▸ **How to complete this task**:
Will you write out, word for word, every line from the one with "B29A153:เก้าอี้อเนกประสงค์ รุ่น VANE-III" to the final line of the data below, with the pictures left out?

*** Information provided

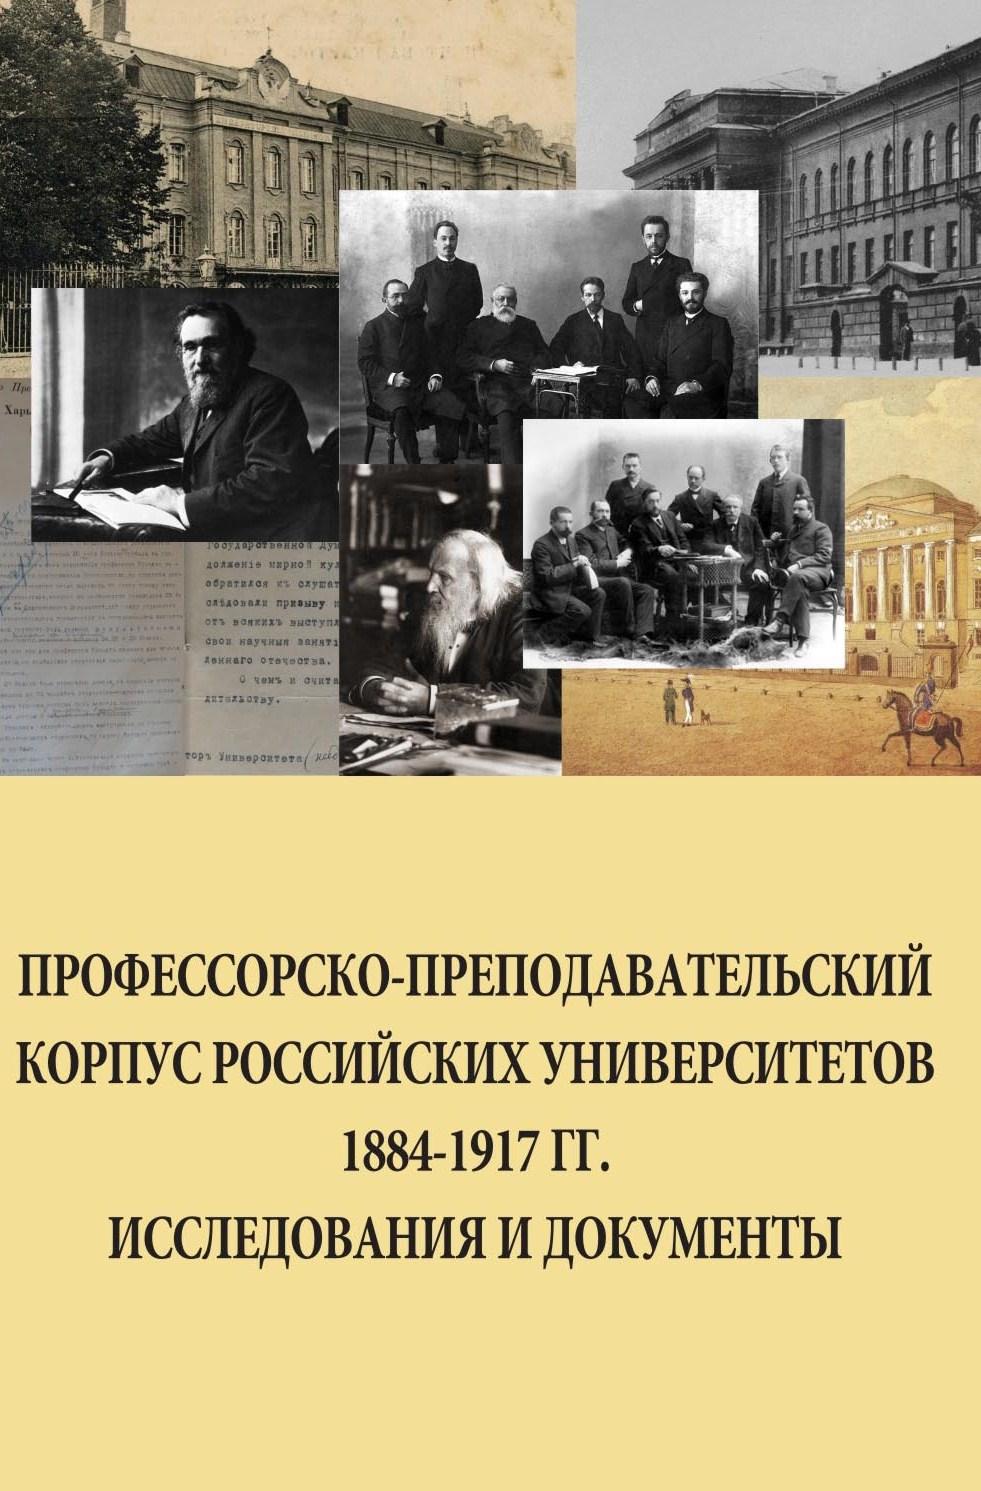 Заграничная подготовка будущих российских профессоров накануне Первой мировой войны
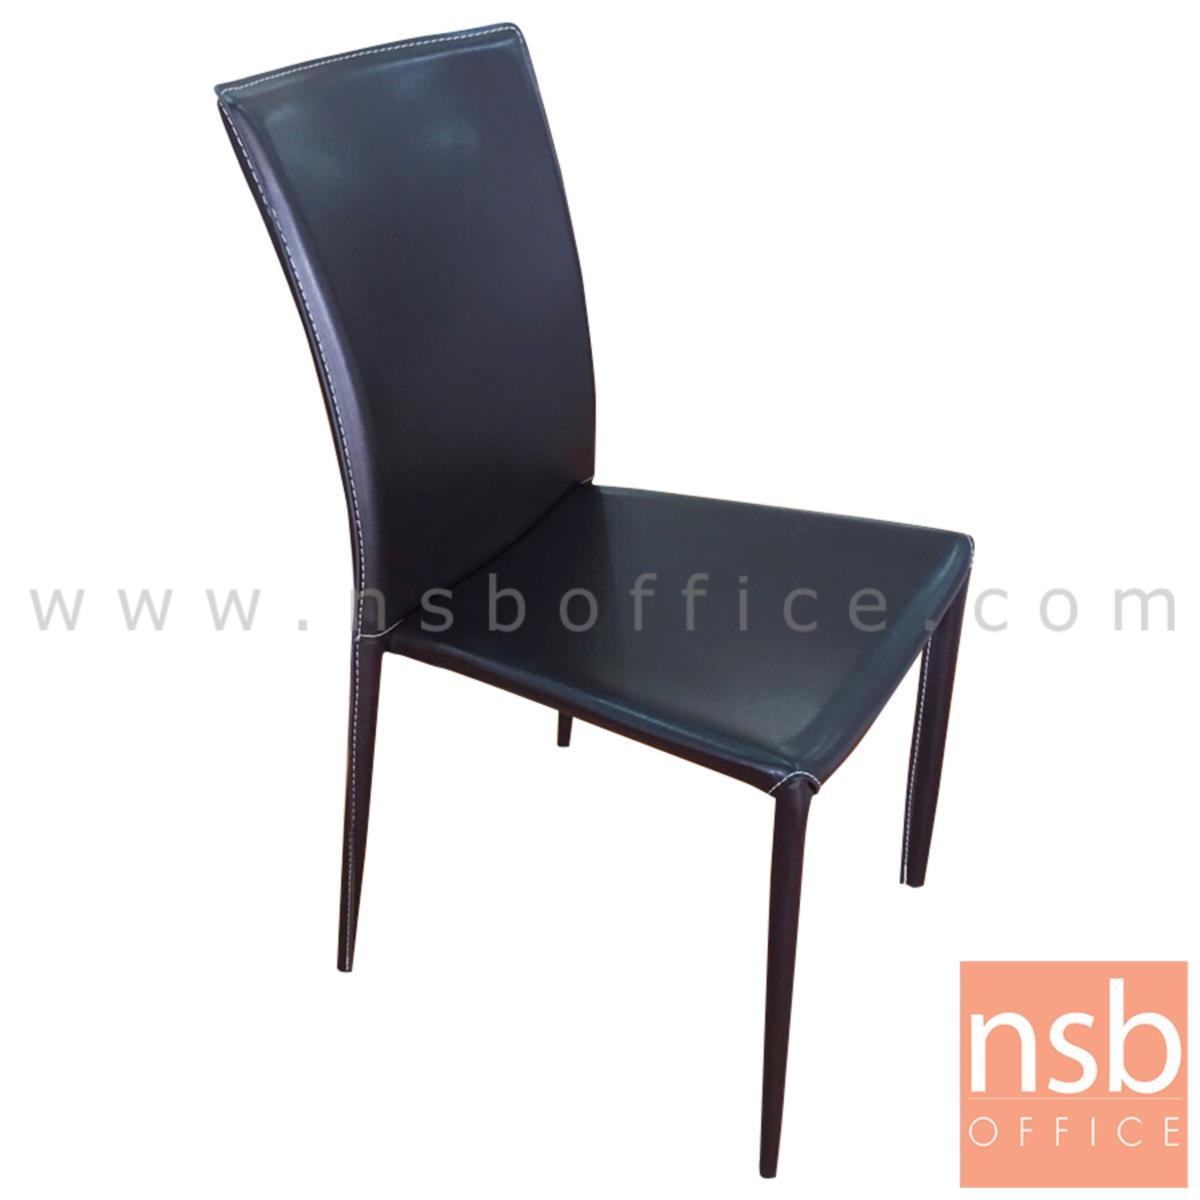 B29A153:เก้าอี้อเนกประสงค์ รุ่น VANE-III  หุ้มหนังเทียมทั้งตัว
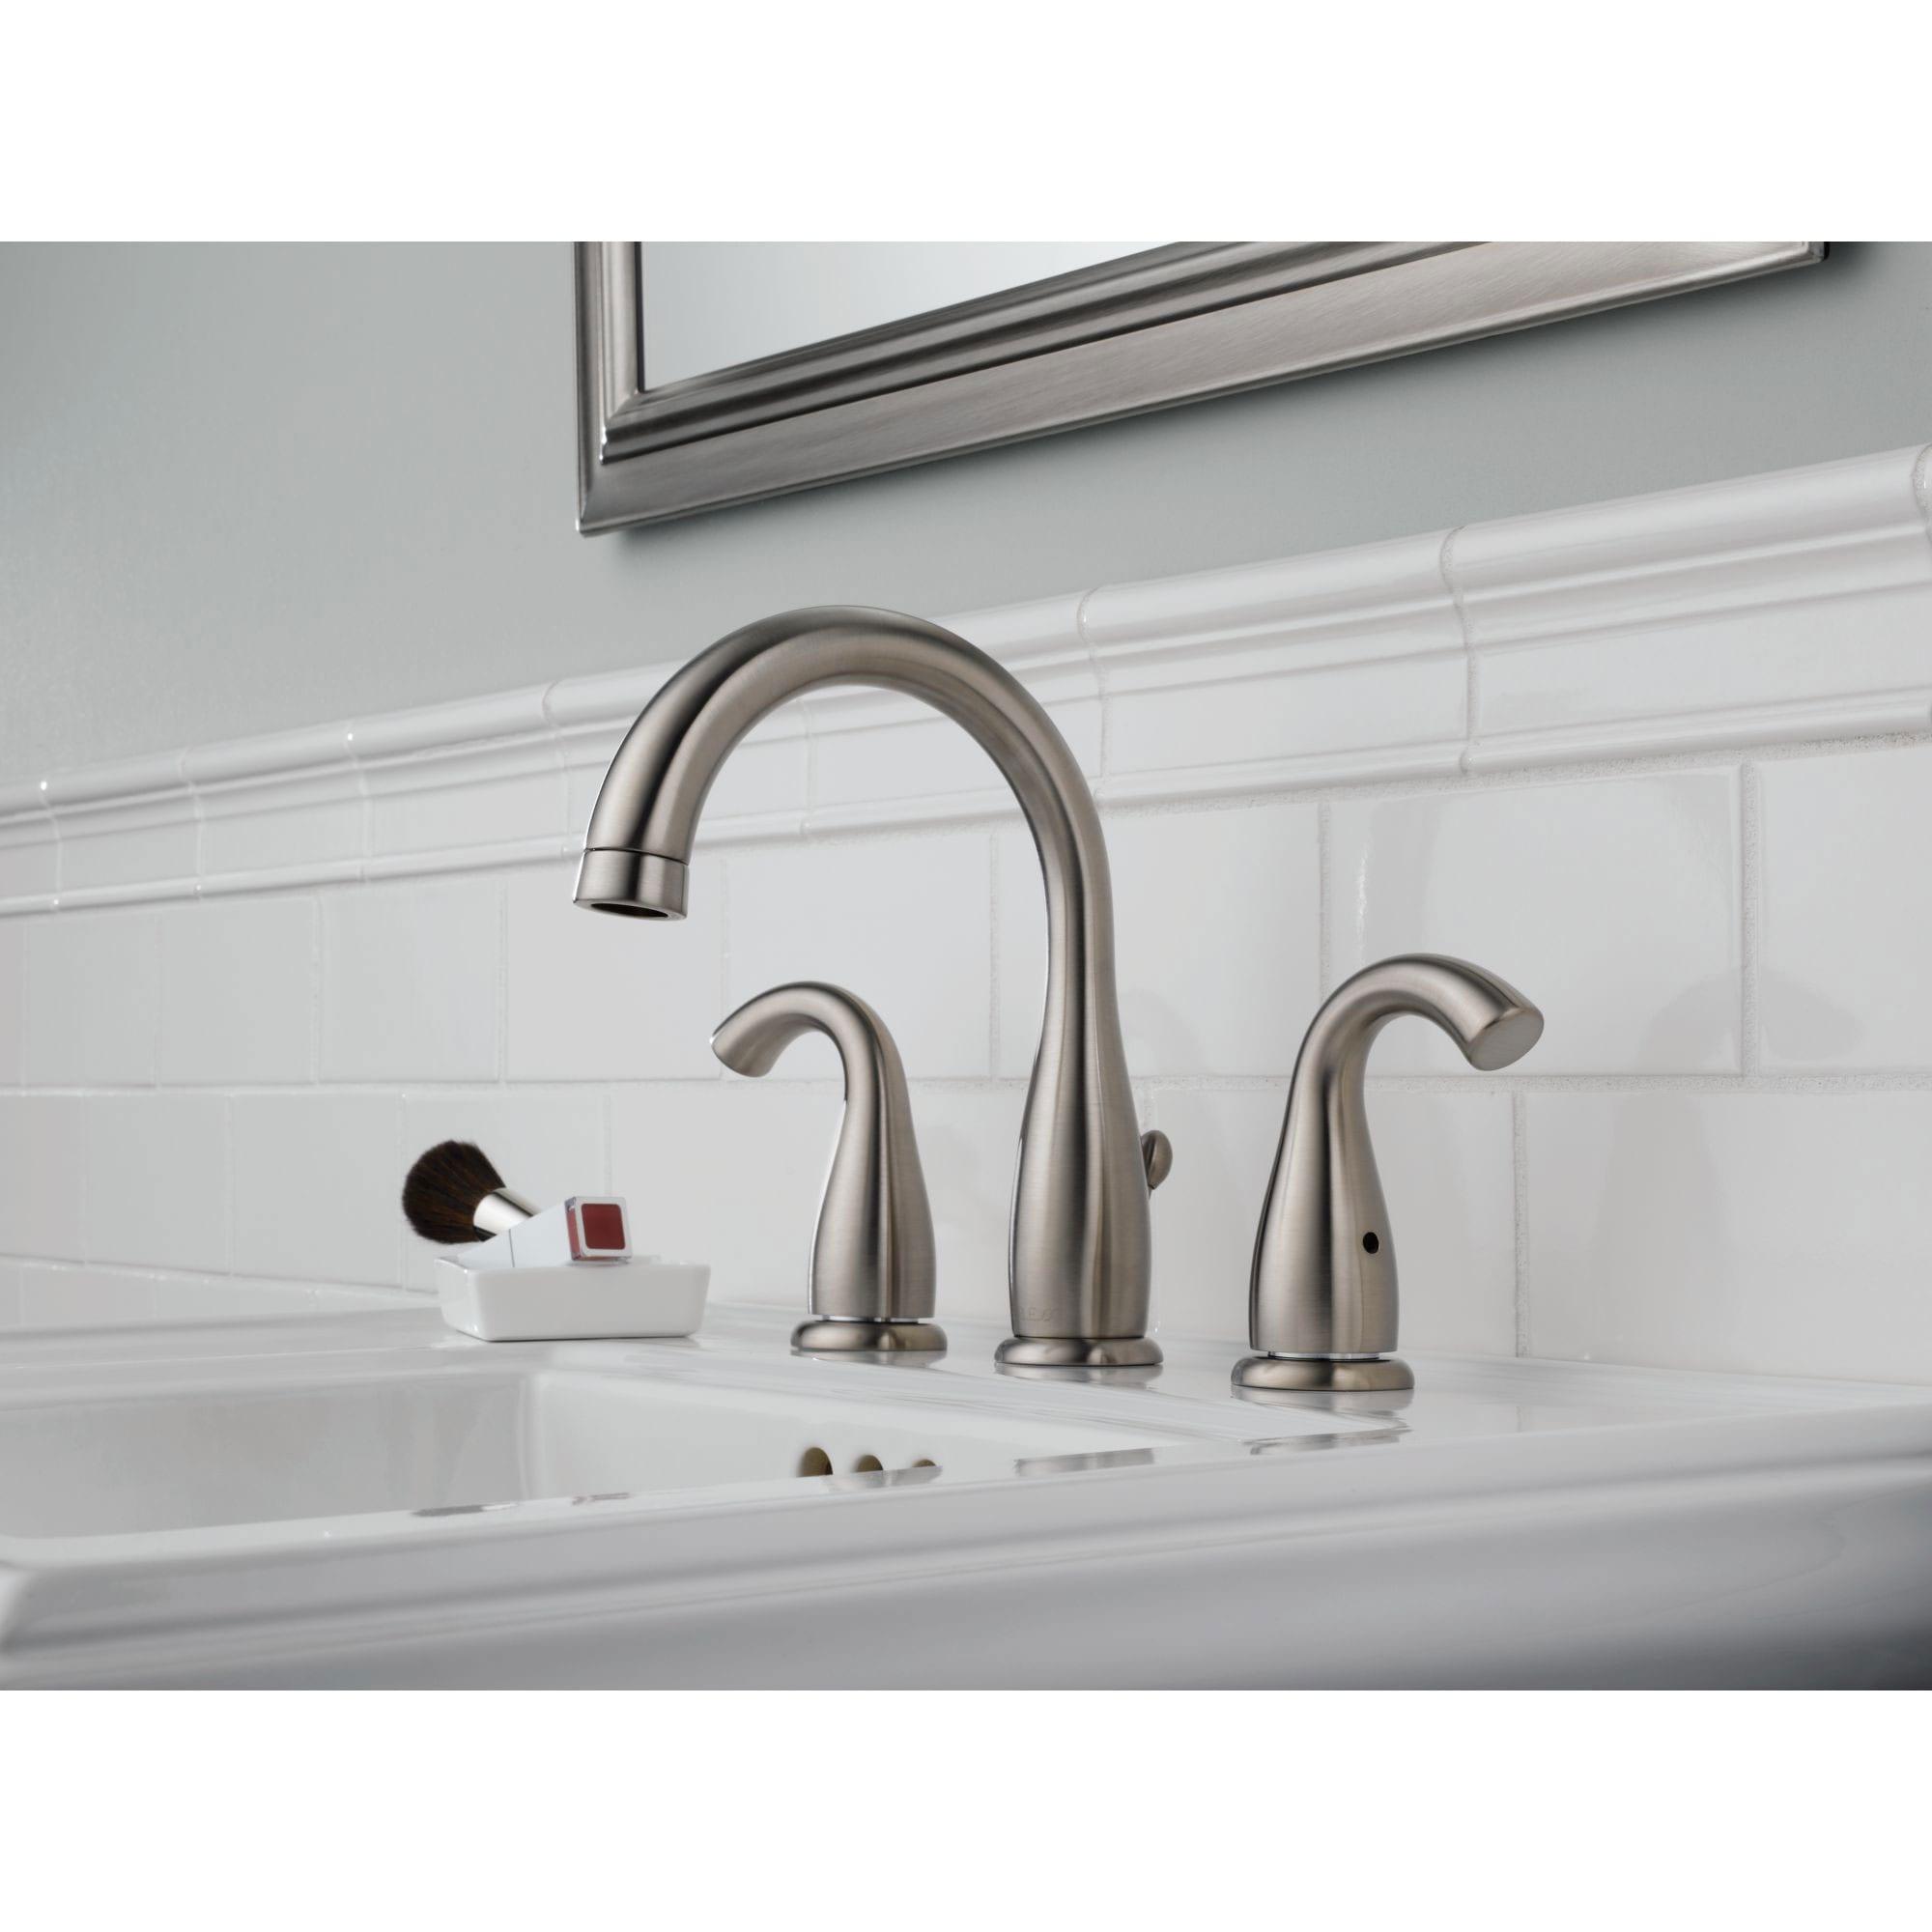 Shop peerless 8 inch widespread brushed nickel lavatory - 8 inch brushed nickel bathroom faucet ...

******

▸ **Solution to the exercise**:
 B29A153:เก้าอี้อเนกประสงค์ รุ่น VANE-III  หุ้มหนังเทียมทั้งตัว
 Shop peerless 8 inch widespread brushed nickel lavatory - 8 inch brushed nickel bathroom faucet ...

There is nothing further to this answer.